Dr. El-Mughira discussed the details of the hospital infrastructure in Sudan, stating that around 560 hospitals (77% of total hospitals), including rural facilities are government-run, while the remaining 23% are located in the private sector. The impact of the crisis was particularly felt by the public hospitals, with a quarter of them situated in conflict-affected areas.


He then added that severe funding shortages adversely affected all pillars of the system, including health service delivery, the healthcare workforce, information management, and access to medical products and technology, and he candidly admitted that after the conflict in mid-April, the impact on hospitals became increasingly evident. The direct consequences included building destruction, occupation of several hospitals by militaries and inaccessibility for both patients and staff due to insecurity and the disrupted banking system.


Dr. El-Mughira Abdullah also stated that Information management systems were established through digital platforms like WhatsApp and Facebook to facilitate communication, data sharing, and reporting between the Federal Ministry of Health and State Ministries of Health. Additionally, certain hospitals, particularly in Khartoum, managed to sustain services, providing crucial care to patients. However, these efforts accounted for only a fraction of the overall healthcare capacity in Sudan.


He concluded his presentation by acknowledging the ongoing challenges and pressing needs within the healthcare system.

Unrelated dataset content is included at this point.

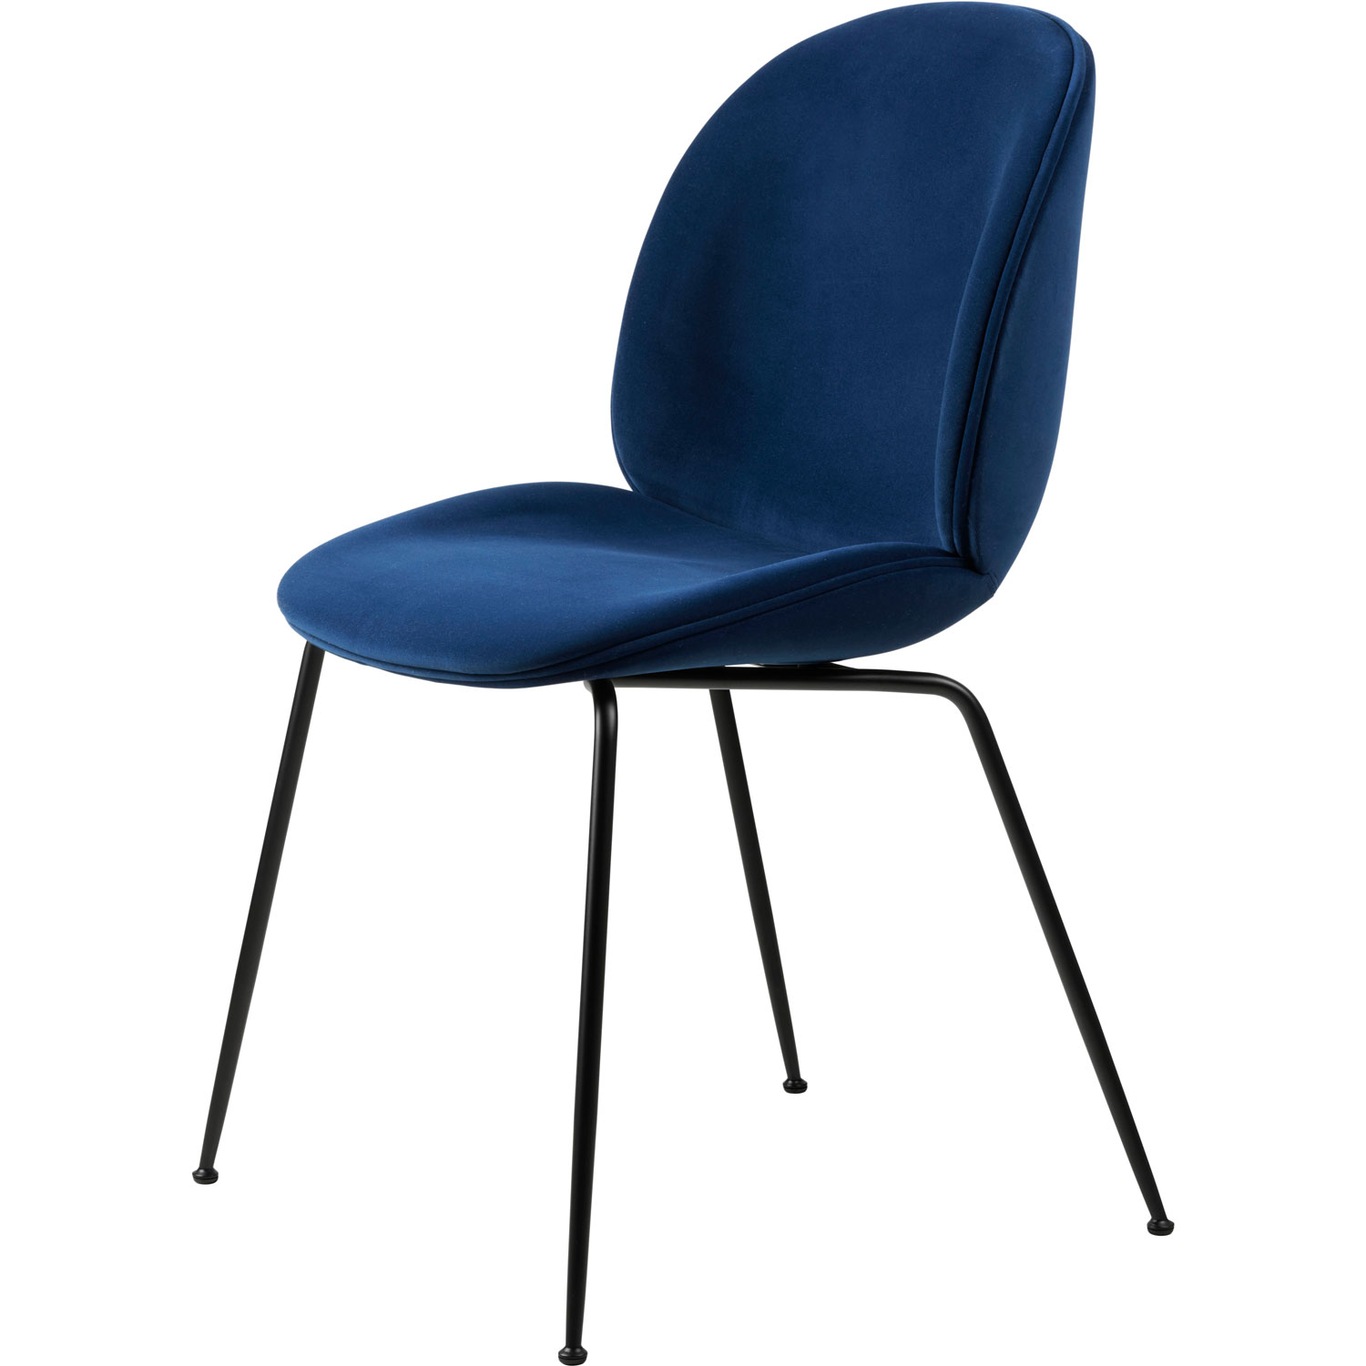 Beetle Chair Upholstered / Conical Base, Sunday 003

Despite the adversities, healthcare professionals and authorities continue to work diligently to overcome the crisis's impact and ensure the provision of essential healthcare services to the Sudanese population.


In the session’s final presentation, Dr. Raja Muhammad Ali highlighted the worsening of the public health crisis in Sudan. He stated that prior to the conflict, Sudan experienced various disease outbreaks, including waterborne and vector-borne diseases, as well as the ongoing challenges posed by COVID-19 and other vaccine-preventable diseases. Malaria and dengue were particularly prevalent, with the majority of cases and deaths in the Eastern Mediterranean region reported from Sudan. Additionally, Sudan had to manage the healthcare needs of over 1.1 million refugees, asylum seekers, and IDPs.


Dr. Raja Muhammad Ali added that the situation in Sudan has significantly deteriorated since the conflict escalated. He introduced some alarming statistics, revealing over 1,000 deaths and 11,000 injuries in a span of two months. Currently, only 20% of the facilities are fully operational, posing a severe strain on the already overburdened healthcare system.


He confirmed that humanitarian aid is urgently required to address the dire situation. The Humanitarian Response Plan (HRP) estimates that over one-third of Sudan's population, including four million children and pregnant women, are in need of assistance. However, the funding for the HRP's health component is insufficient, with only 11% of the required amount secured.


He concluded his presentation by stating that the continuation of the Sudan's public health crisis brings with it a need for immediate and robust international support. This support is vital to alleviate the suffering of the population. Adequate funding, enhanced security measures to protect healthcare facilities and workers, and improved access to medical resources are urgently needed to mitigate the impact of the conflict and provide essential healthcare services to the affected population.


Following the presentations, Ms. Asma Qannas facilitated the Q&A session, where participants and panelists engaged in the discussion. She then concluded the session by thanking the speakers and the attendees for their participation.


A total of 125 participants attended the webinar, deeming it another success in the EMPHNET WEBi Series.